(WORK TO COMPLETE):
Return every line below as is, leaving out the pictures.

(INPUT DATA):
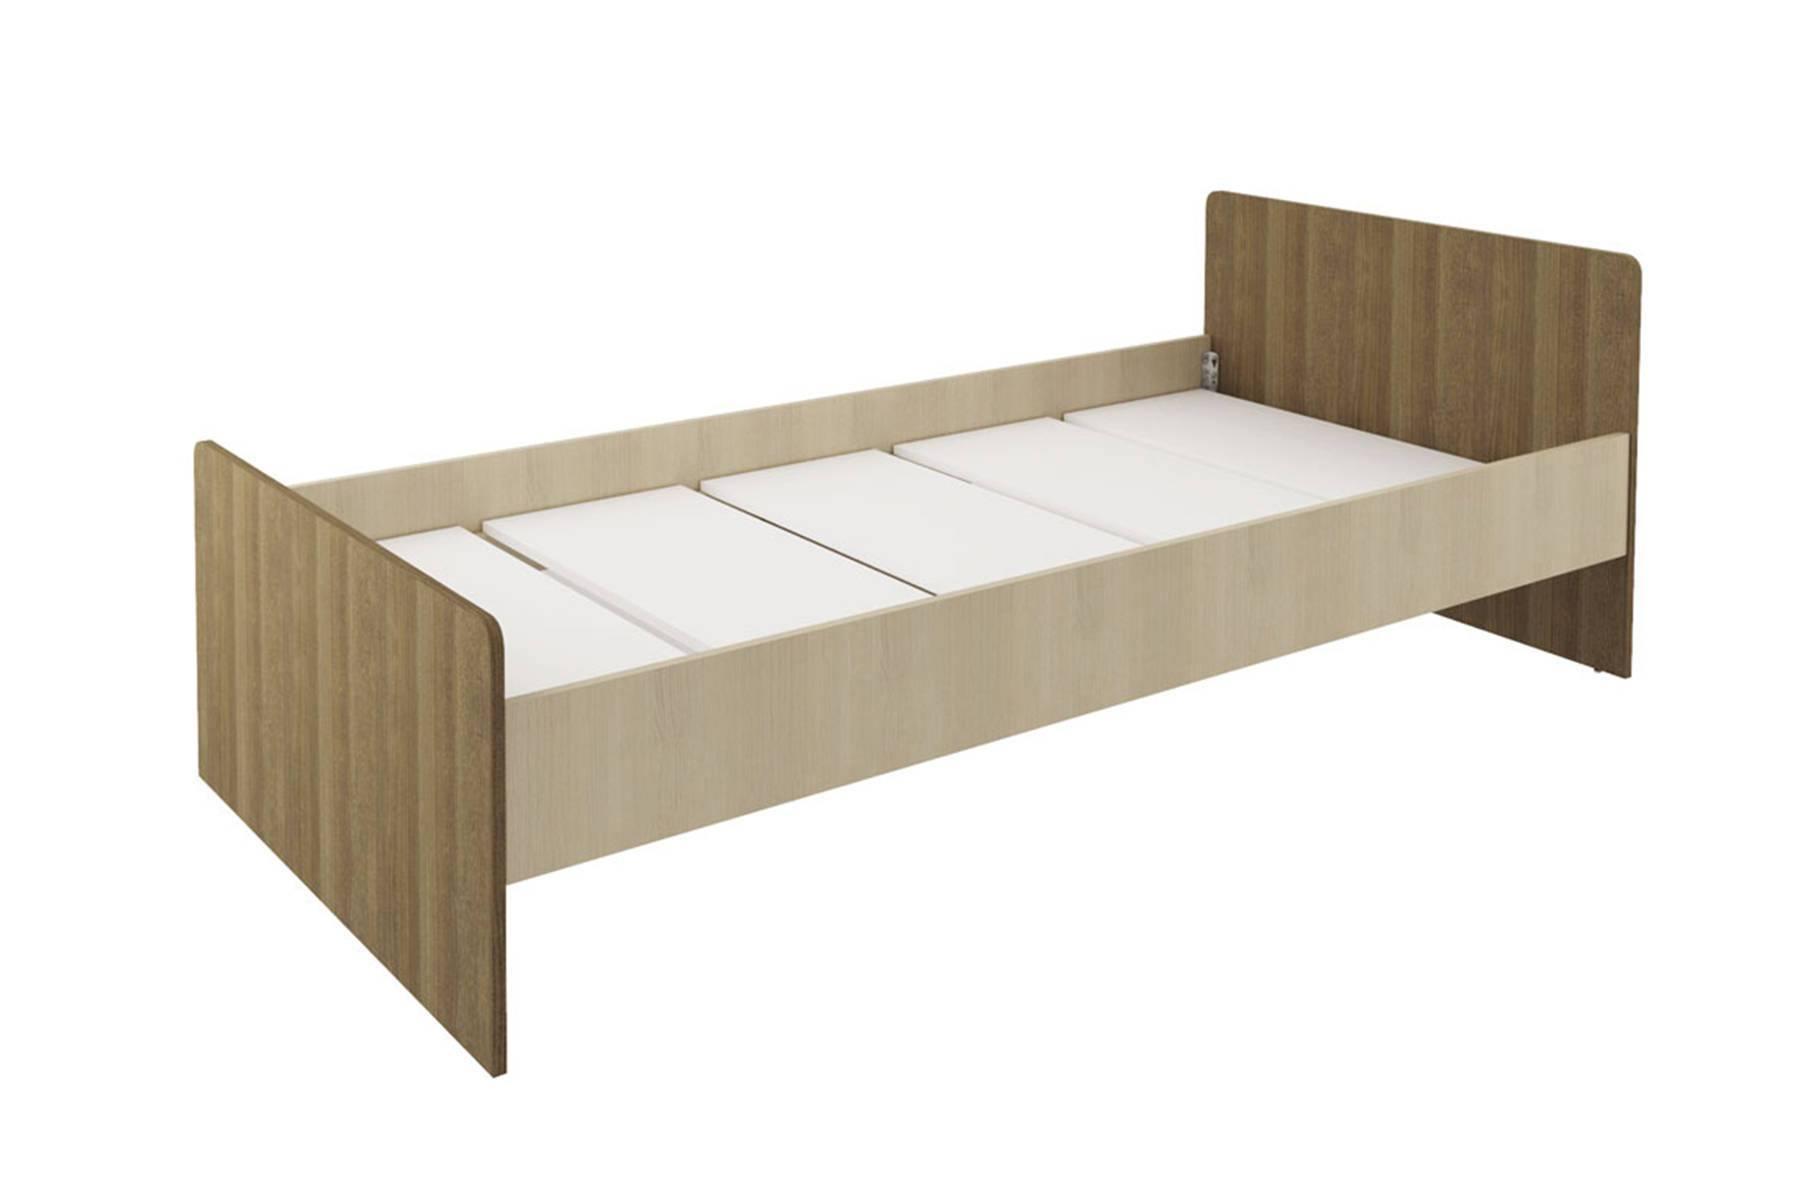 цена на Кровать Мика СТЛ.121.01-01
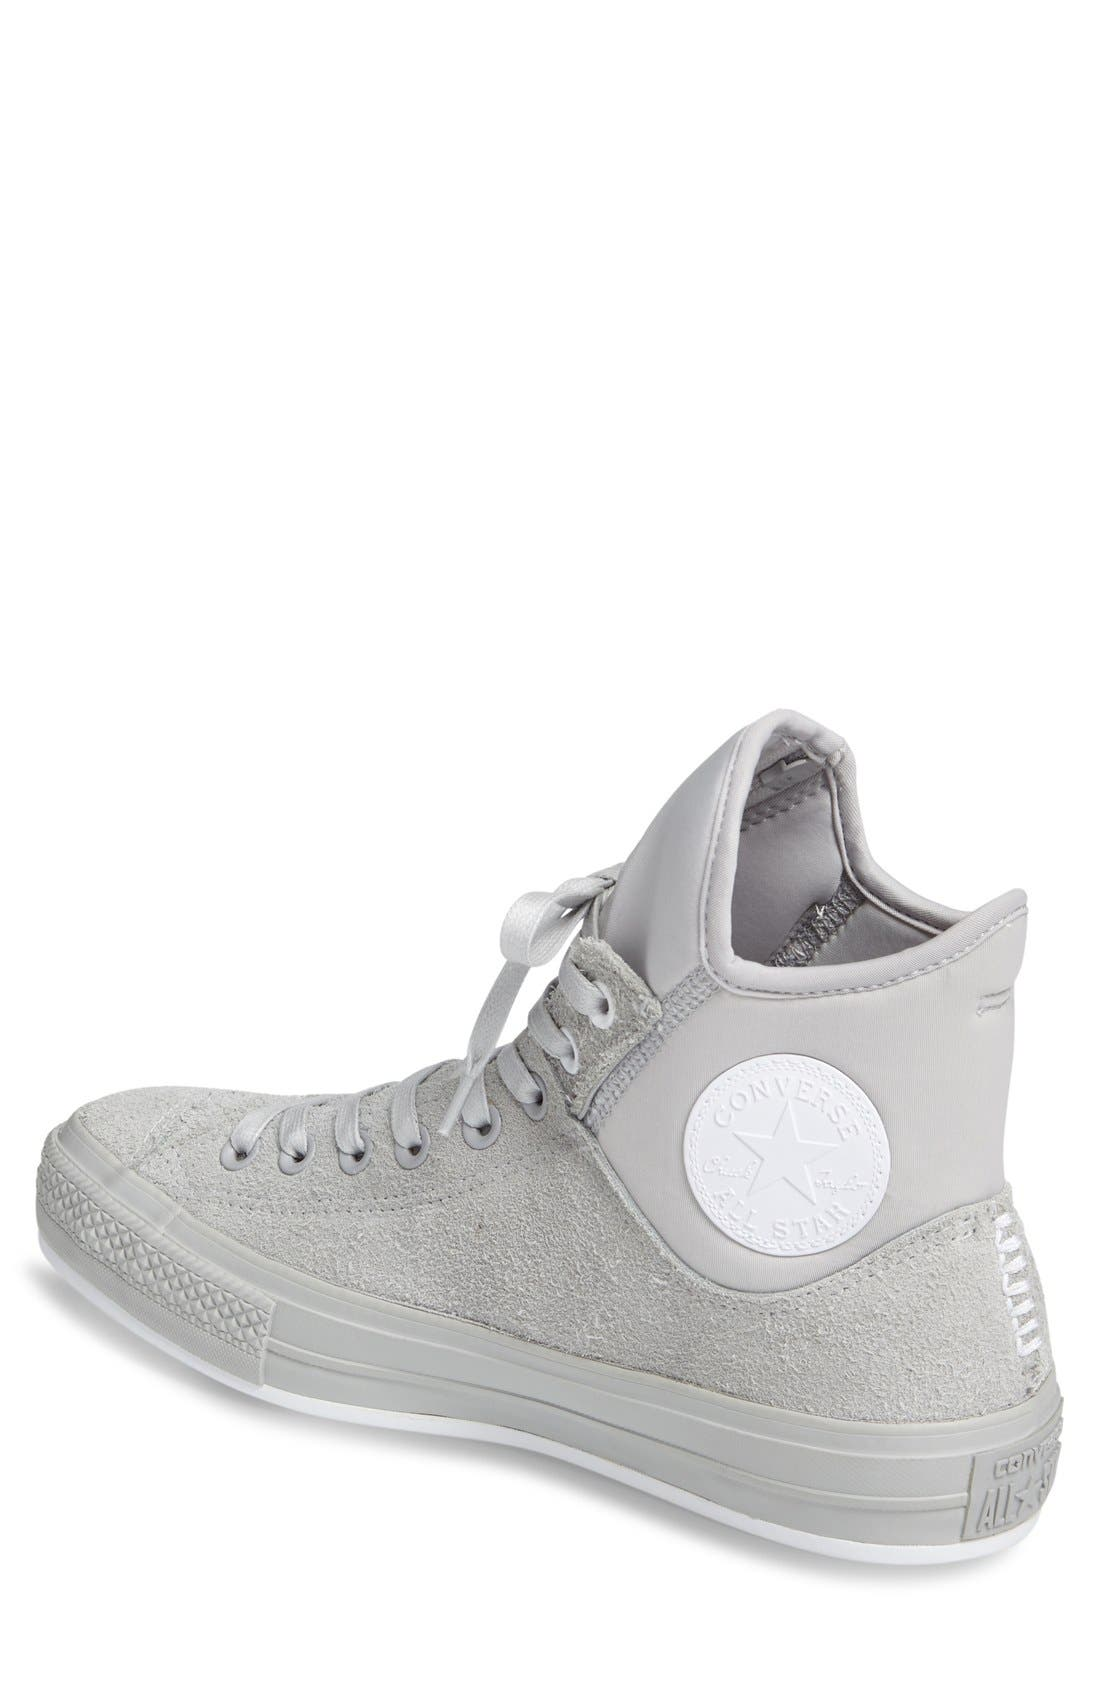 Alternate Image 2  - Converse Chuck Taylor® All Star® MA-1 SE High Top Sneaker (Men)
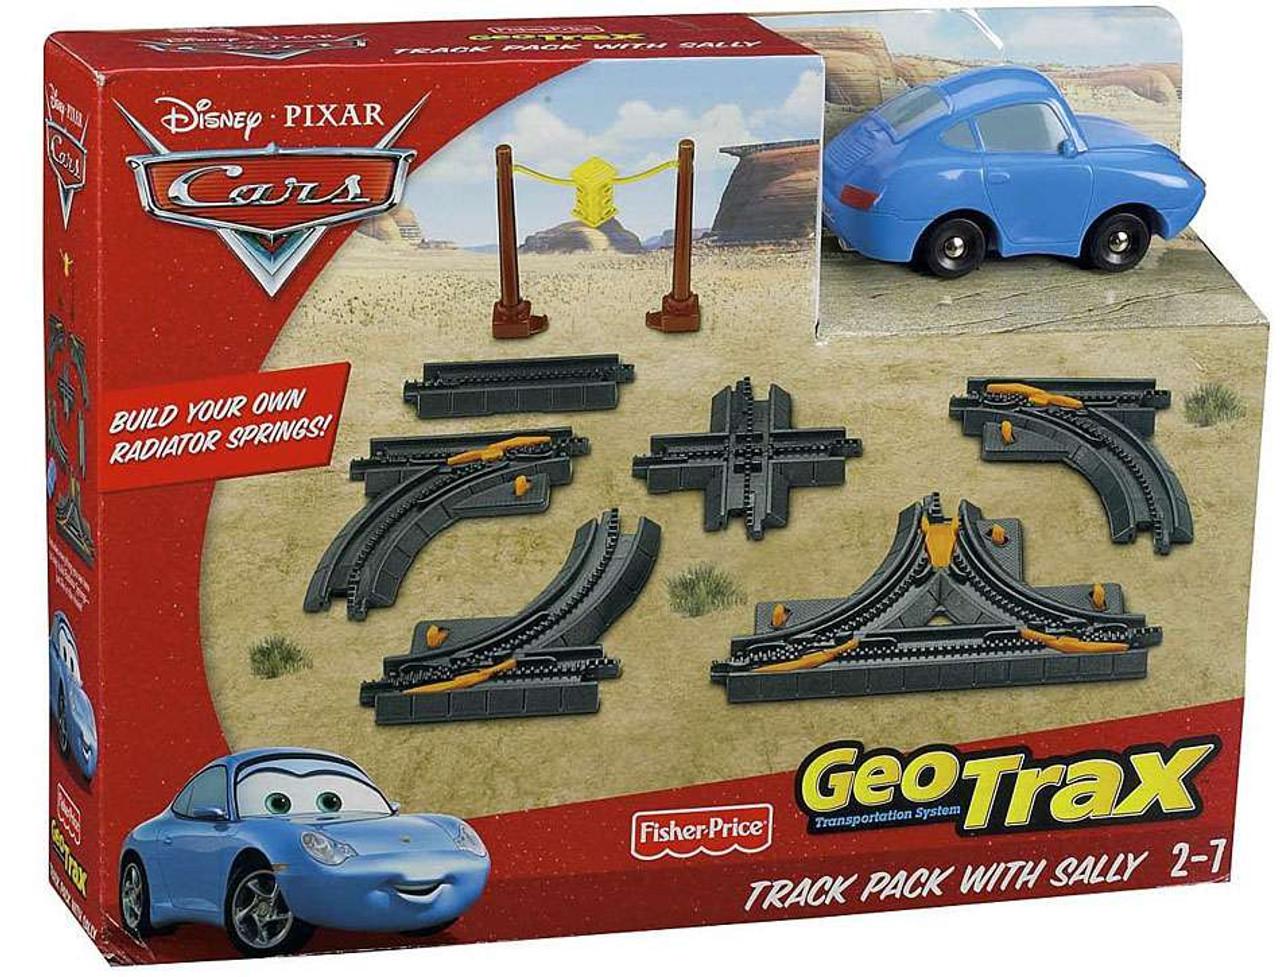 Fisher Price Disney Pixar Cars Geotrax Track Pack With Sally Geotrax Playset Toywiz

(EXERCISE RESPONSE):
 цена на Кровать Мика СТЛ.121.01-01
 Alternate Image 2  - Converse Chuck Taylor® All Star® MA-1 SE High Top Sneaker (Men)
 Fisher Price Disney Pixar Cars Geotrax Track Pack With Sally Geotrax Playset Toywiz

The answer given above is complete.